Letter To My Soon-To-Be-Ex Client: “It’s Not You, It’s Me”

I’m a sucker for a damsel in distress.  A losing cause.  Or a sinking ship.  And sometimes that ends up getting me in trouble.

A few months ago, you called me asking if I knew anyone who could teach some in-person classes for your Nameless State Economic Agency.  You said you were skilling people up to get good jobs in a tech support environment, something I know a little bit about.  You said you had someone who was going to develop all the curriculum, and it was nearly complete.  And all you needed was someone to stand there and talk.

itsnotyou“How about me?”  You laughed, nervously, and said you probably couldn’t afford me.  (You were right.  Your rate was about 1/3 of what I would have quoted.)  But things have been slow, and it was only a tw0-week commitment, and sounded easy-squeesy.  Plus, I LOVE teaching in the classroom and hadn’t had the chance to do any ILT in years.

Fast-forward to three days before the first class.  Still no learning objectives, only a few disjointed PowerPoint slides, no test questions at all.  Ooopsie!

I sucked it up and made it work.  I built a wiki (paid for it myself) on my own time.  I built a “chat” function on my personal site.  I helped your SME write meaningful test questions. I found an amazing technical resource on LinkedIn and got her to do a video chat with your class.  I made up troubleshooting demos and role-play scenarios on the fly.  I pretty much taught my ass off for two weeks.

Of the 50 people in your class, 45 got hired.  (The other five I rated “Do Not Hire”.) The instructor reviews were mostly “walked on water, rarely gets feet wet”.  The representatives of the client that sat in were writing things like “incredible instructor” on their little note pads.

(I did get dinged by a couple of students for cursing.  You try moving from the West Coast to the Bible Belt and see what happens to you.)

In my postmortem review, I told you that if you could come up with a little money I’d be glad to re-design the course for you, based on what I saw.  I quoted 40 hours at your tiny rate — far less time than it would really take, but I know you are a very low-budget group.  And I wanted you to succeed in the future, with the next 600 trainees.  Whether I taught or not.
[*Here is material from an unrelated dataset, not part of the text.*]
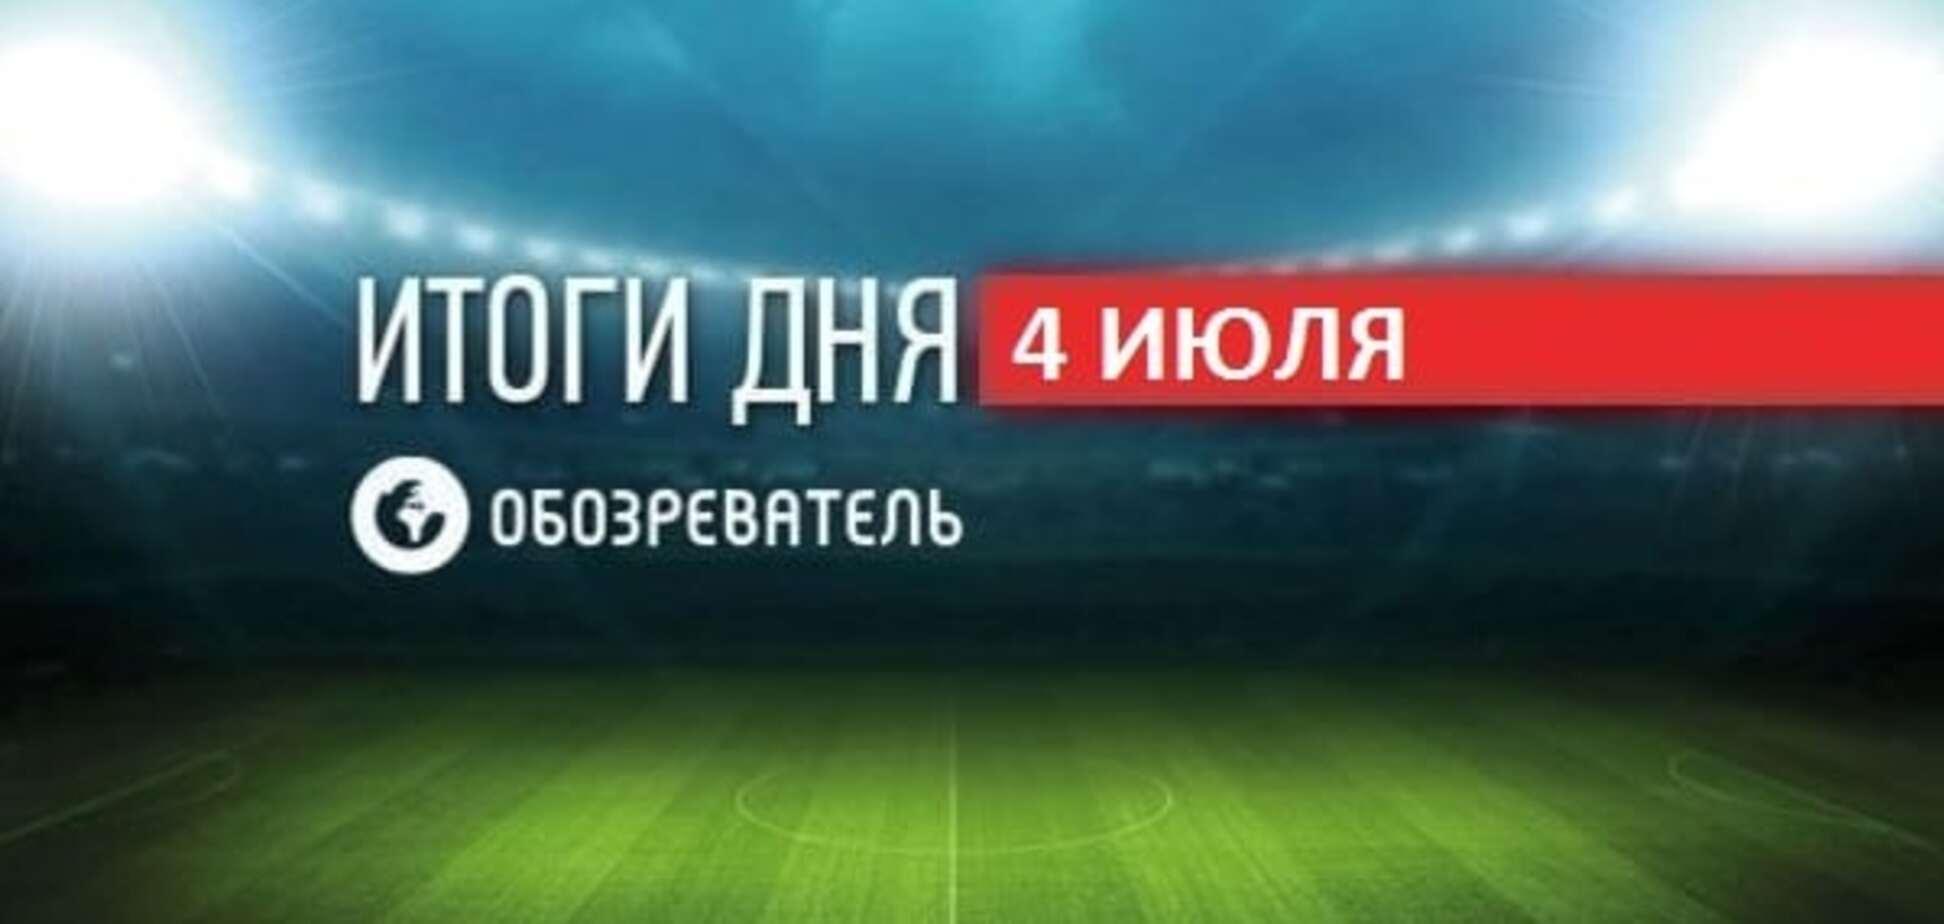 Новые подробности скандала в сборной Украины. Спортивные итоги 4 июля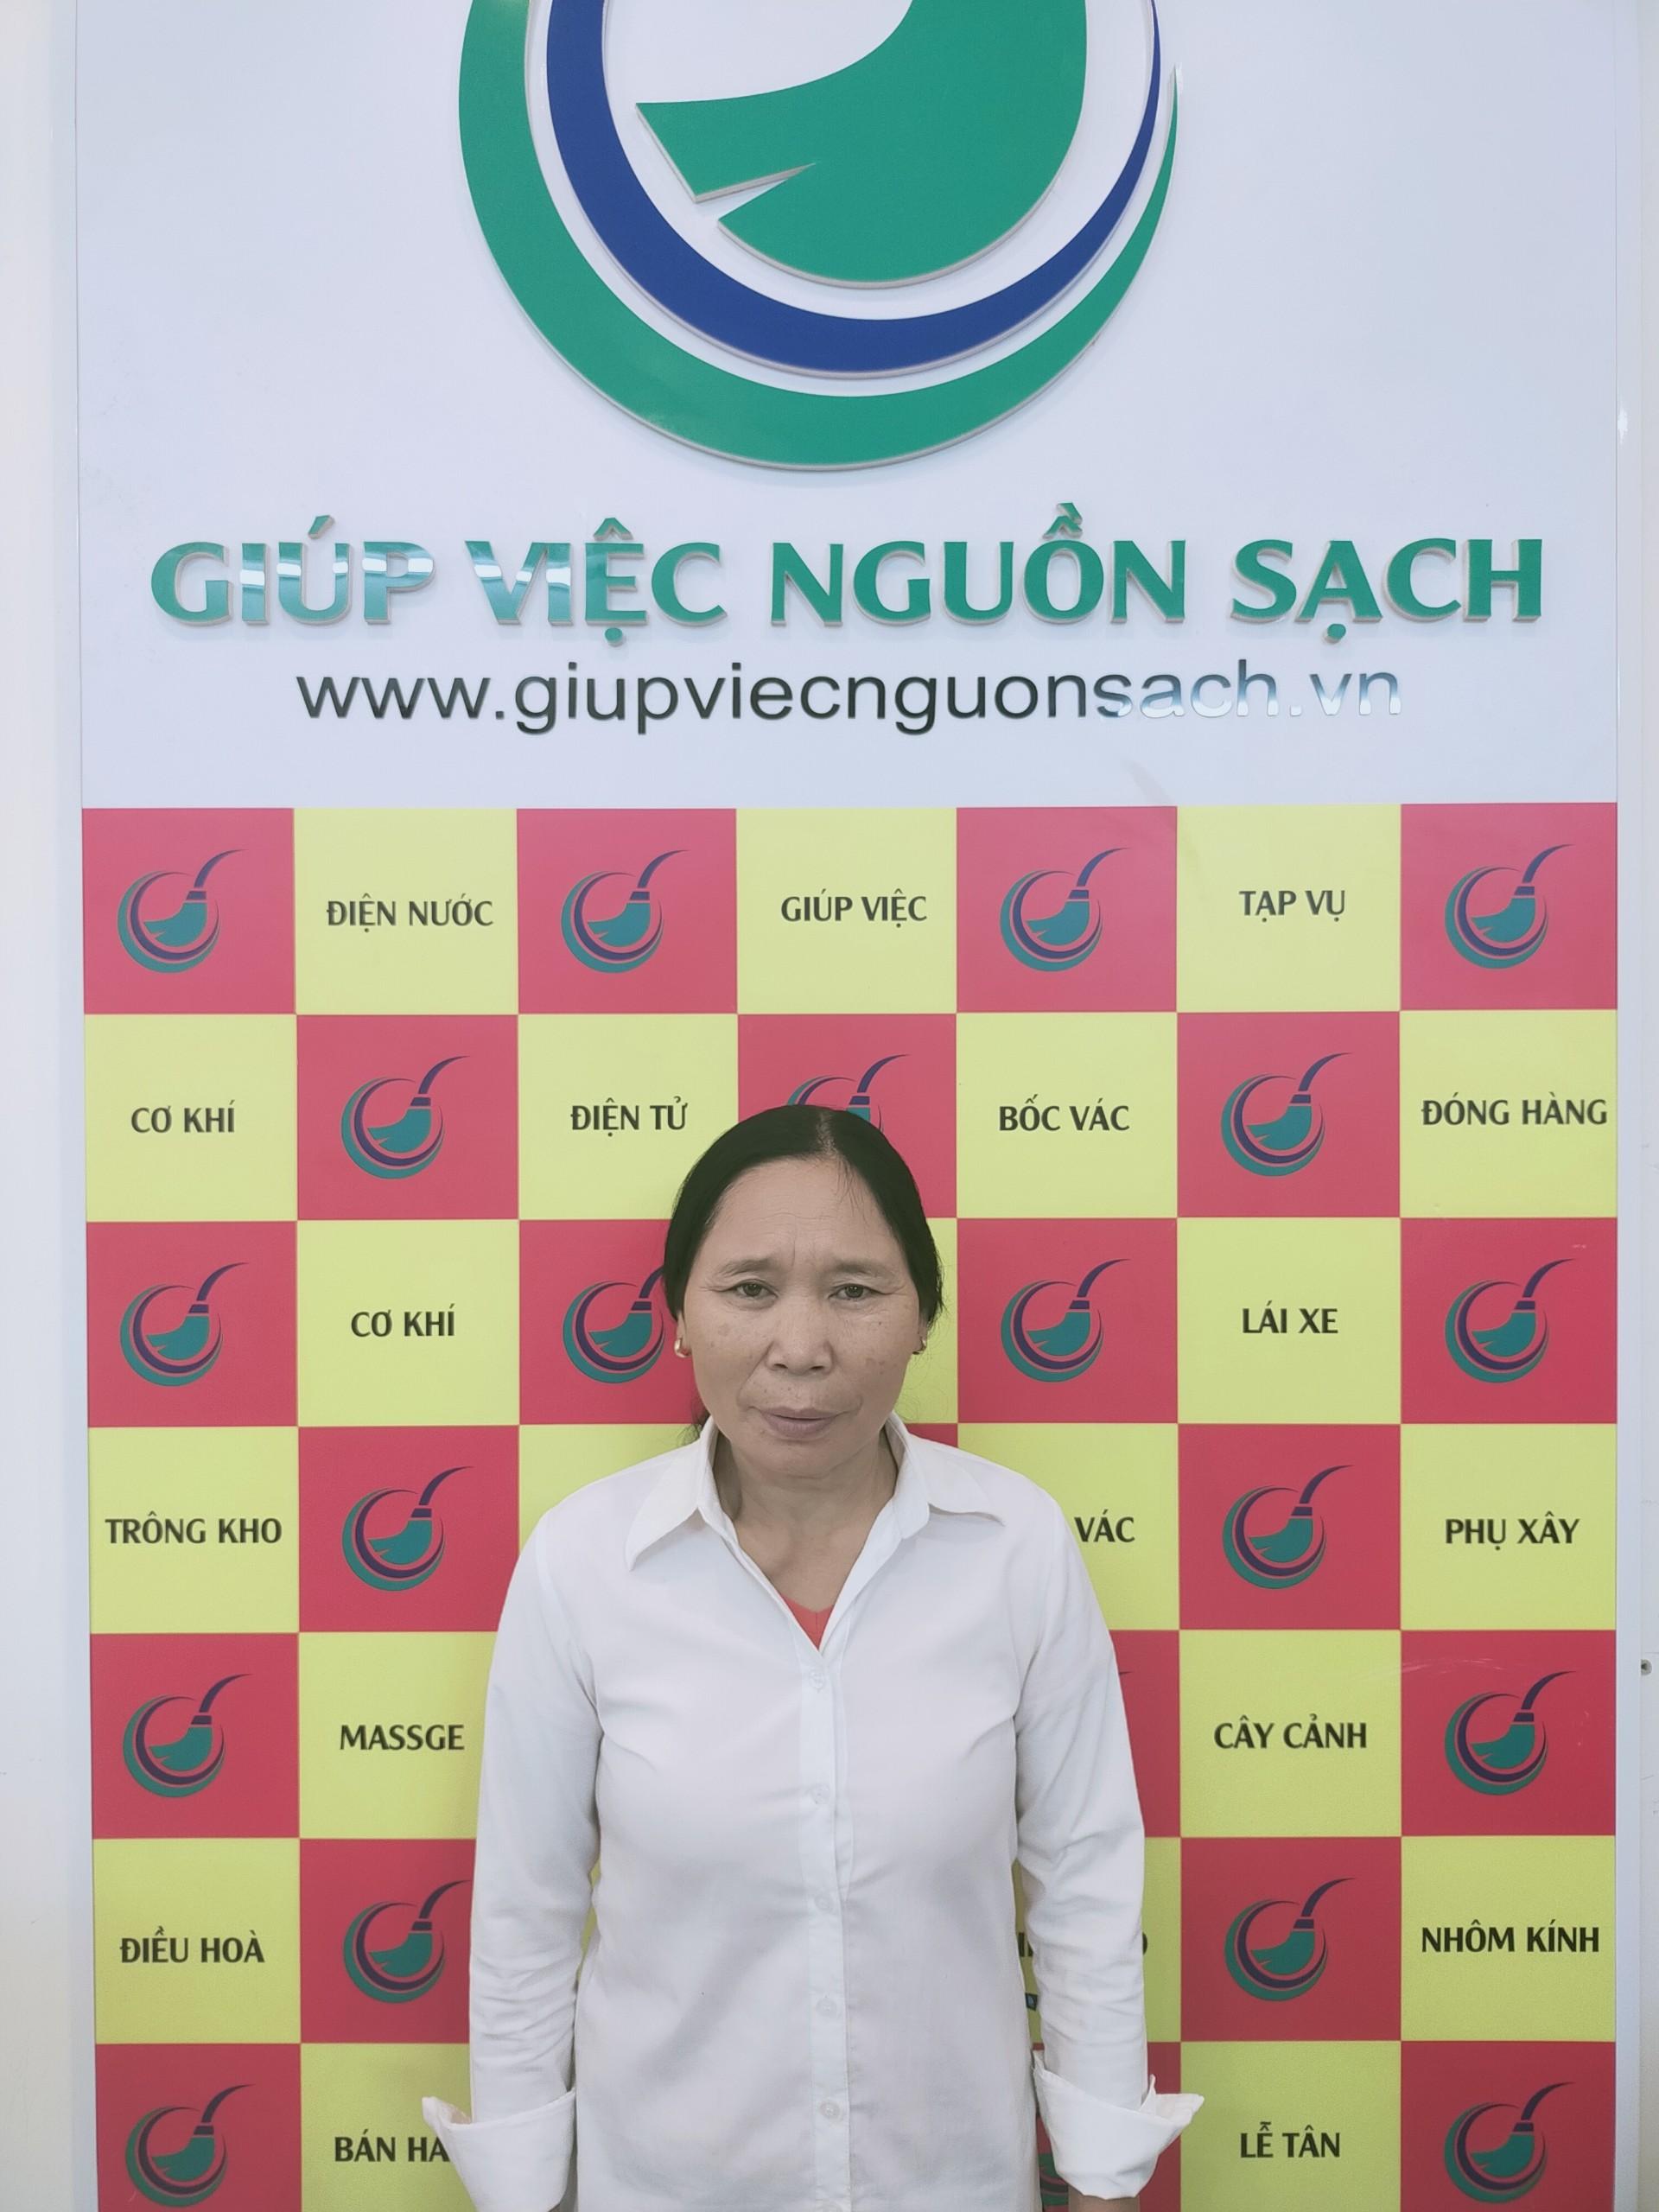 Cô Hạnh sn 1966, Thanh Hóa, giúp việc nhà, chăm bé.jpg

We had that “client” meeting in the big conference room, with a tiny TV screen where nobody could see my slides.  You said they loved the facilitative model I used, and didn’t want a bunch of  PPT slides with a brain dump of facts to memorize.  The students demanded more troubleshooting training, more role playing, more interaction.

I carefully outlined the course — including role-plays, scenarios, a class wiki, a “chat” discussion group, and lots of discussion and group building of knowledge.  Then I walked you through it over the phone and online, step-by-step, explaining each and every activity.  You approved it.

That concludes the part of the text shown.